DATA SEGMENT Start Marker
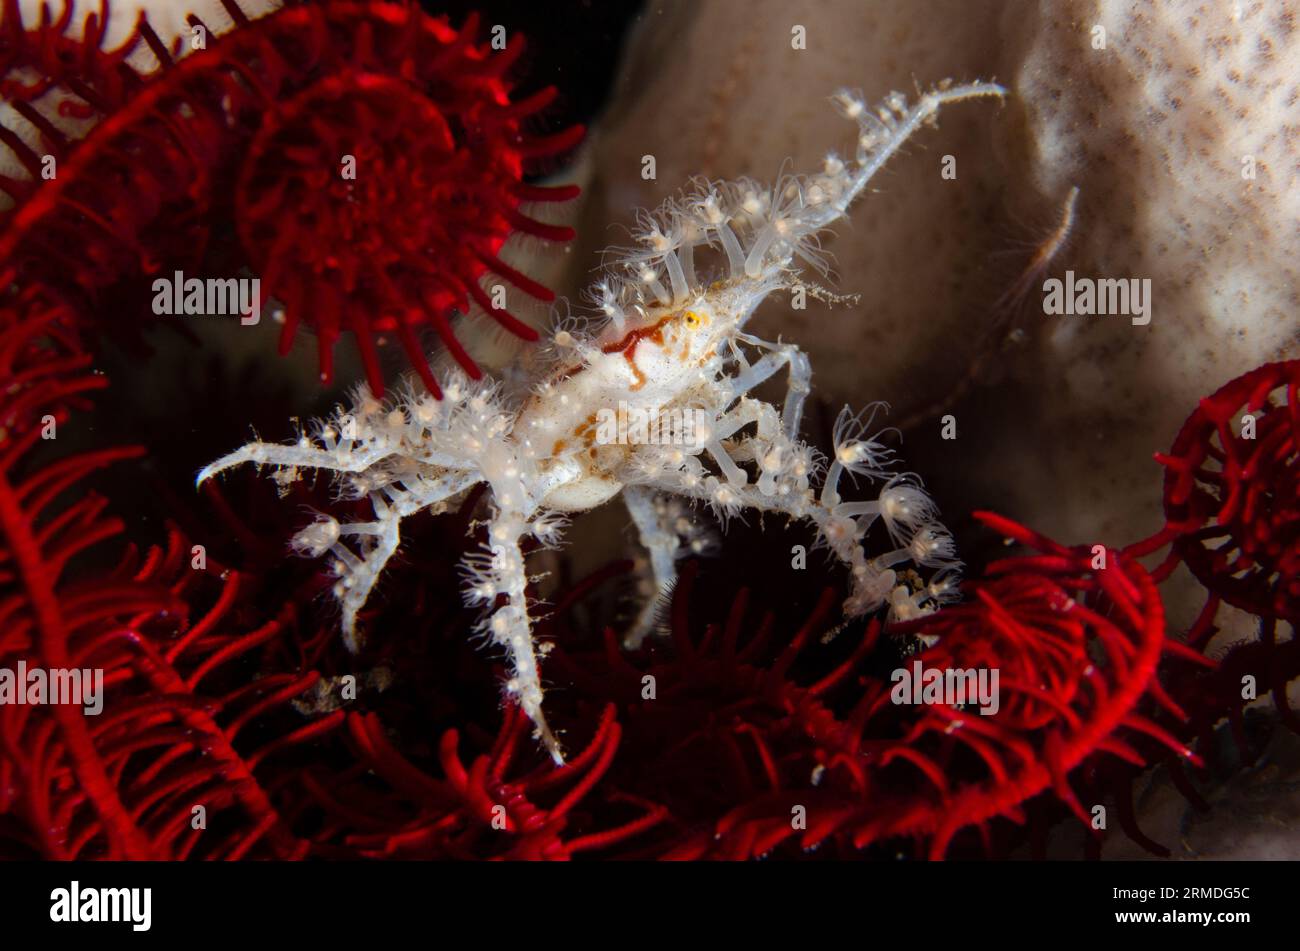 Spider Crab, Achaeus spinosus, carrying small Anemones for protection and camouflage in Crinoid, Comatulida Order, night dive, Scuba Seraya House Reef Stock Photo
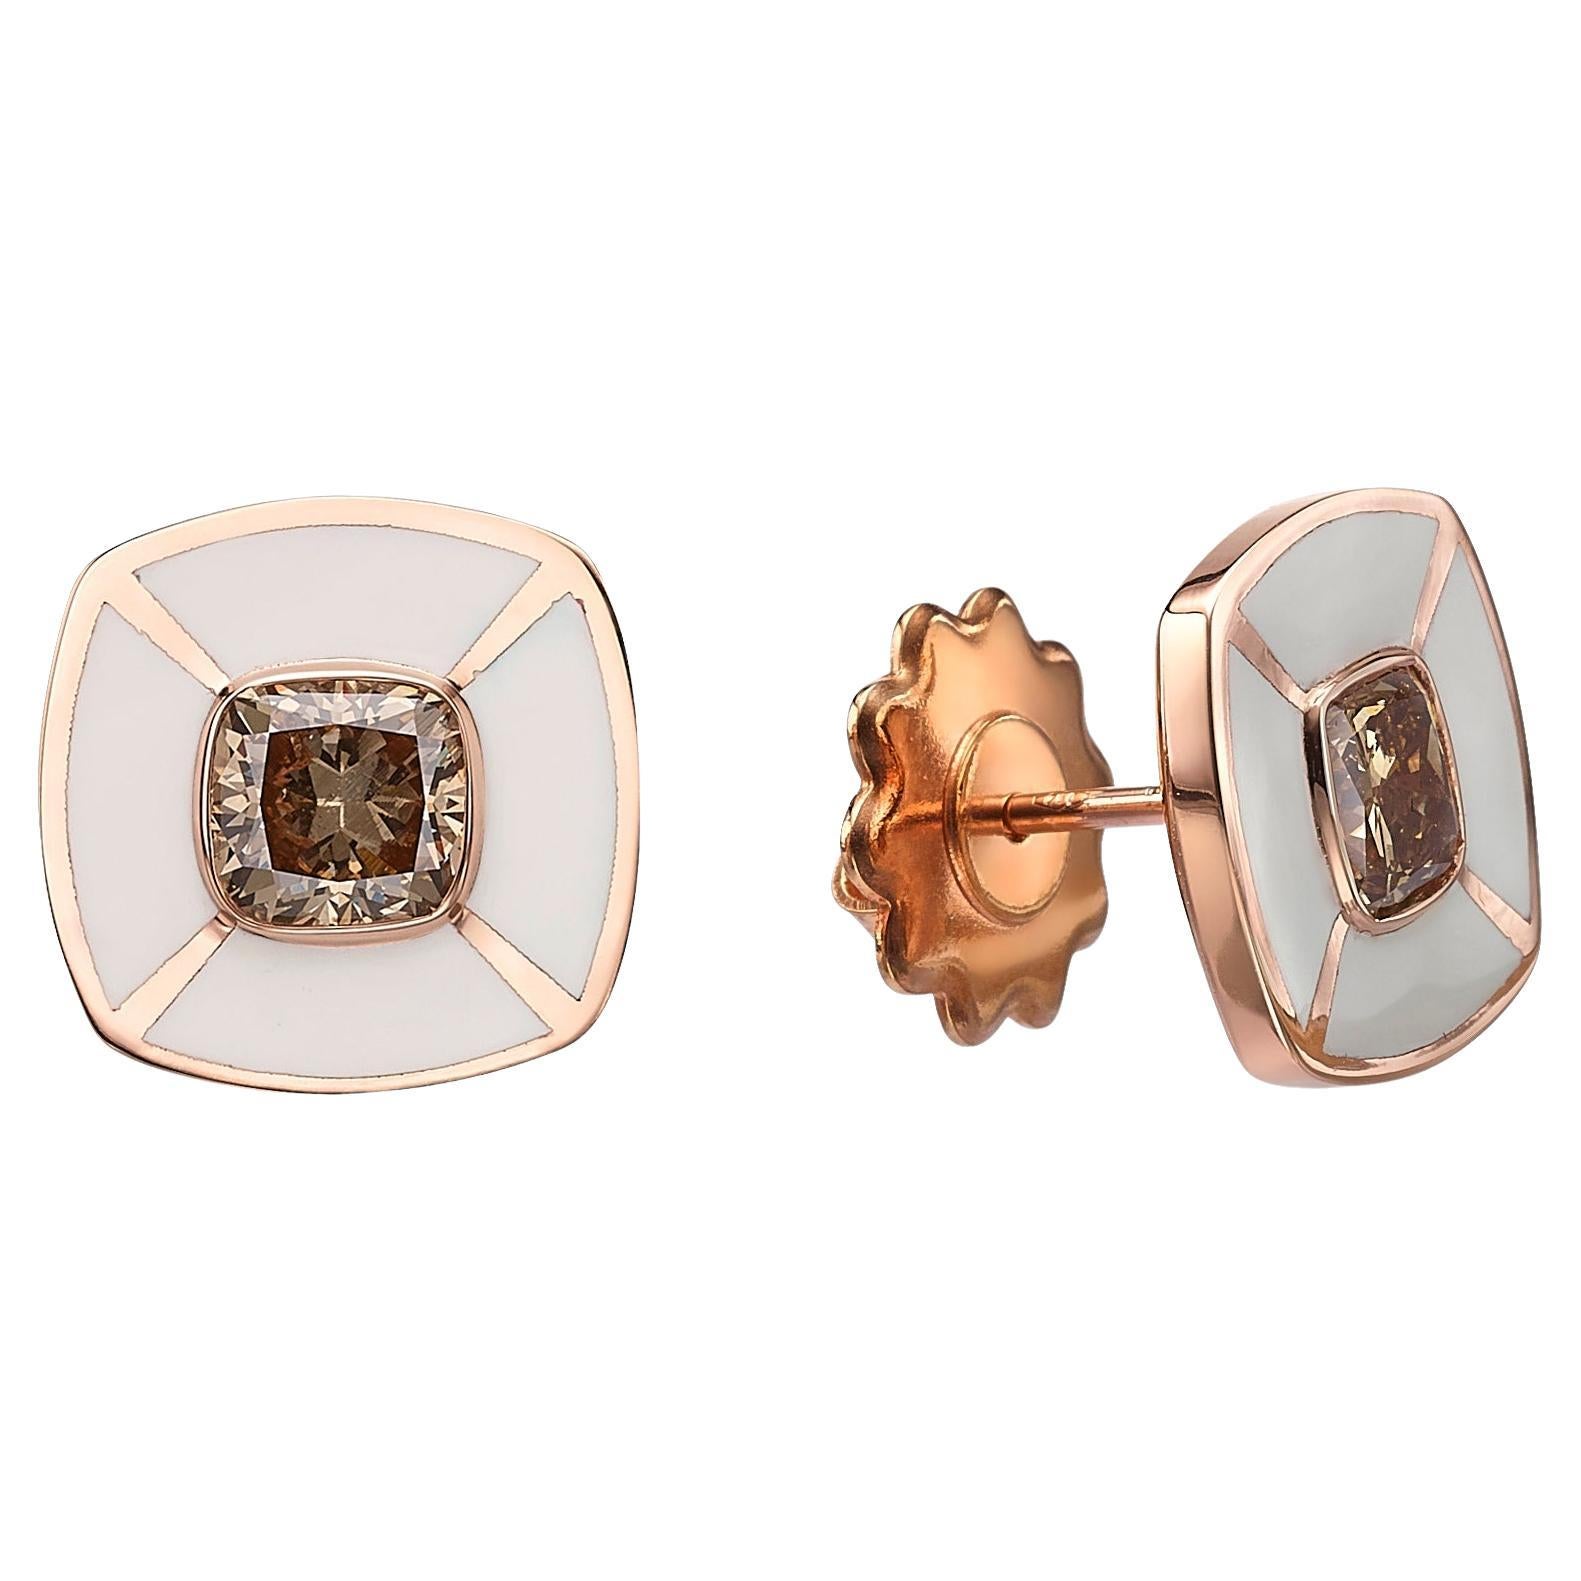 Venice Collection: 18k Rose Gold Stud diamond Earrings with White Enamel
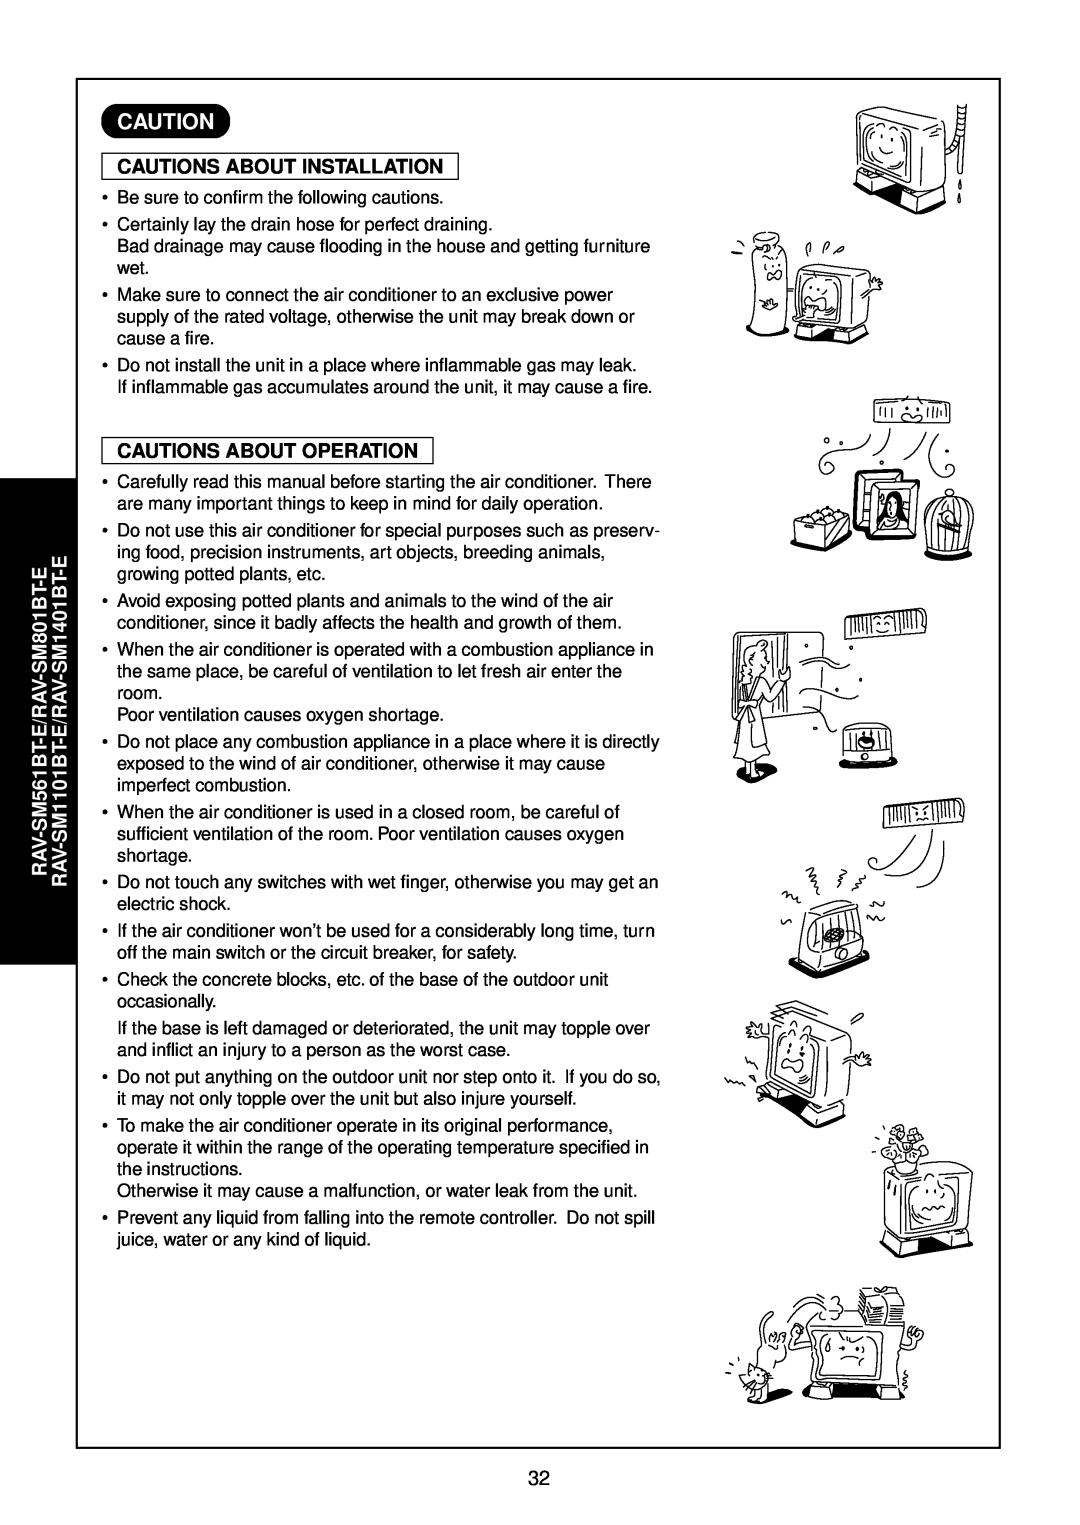 Toshiba R410A service manual Cautions About Installation, Cautions About Operation 
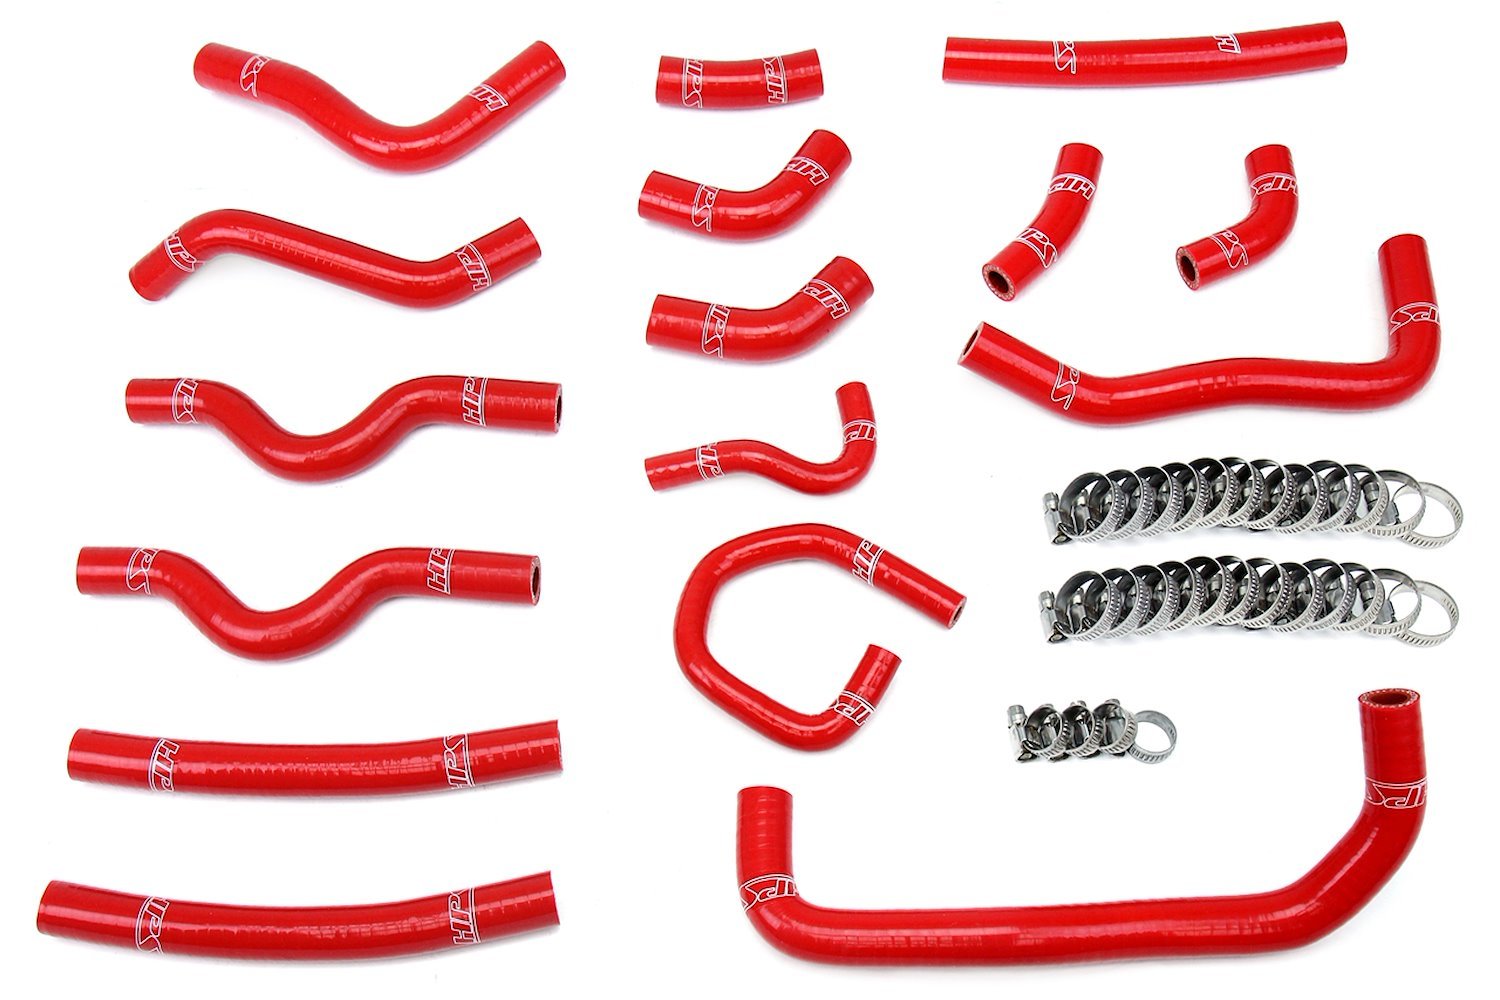 57-1913-RED Heater Hose Kit, High-Temp 3-Ply Reinforced Silicone, Replace OEM Rubber Heater Coolant Hoses
DATA SEGMENT End Marker
• _WHAT YOU NEED TO DO_: What the answer must hold: all the data above, given again exactly, without pictures.

• _RESULT BELOW_:
 Spider Crab, Achaeus spinosus, carrying small Anemones for protection and camouflage in Crinoid, Comatulida Order, night dive, Scuba Seraya House Reef Stock Photo
 Venice Collection: 18k Rose Gold Stud diamond Earrings with White Enamel
 Toshiba R410A service manual Cautions About Installation, Cautions About Operation 
 57-1913-RED Heater Hose Kit, High-Temp 3-Ply Reinforced Silicone, Replace OEM Rubber Heater Coolant Hoses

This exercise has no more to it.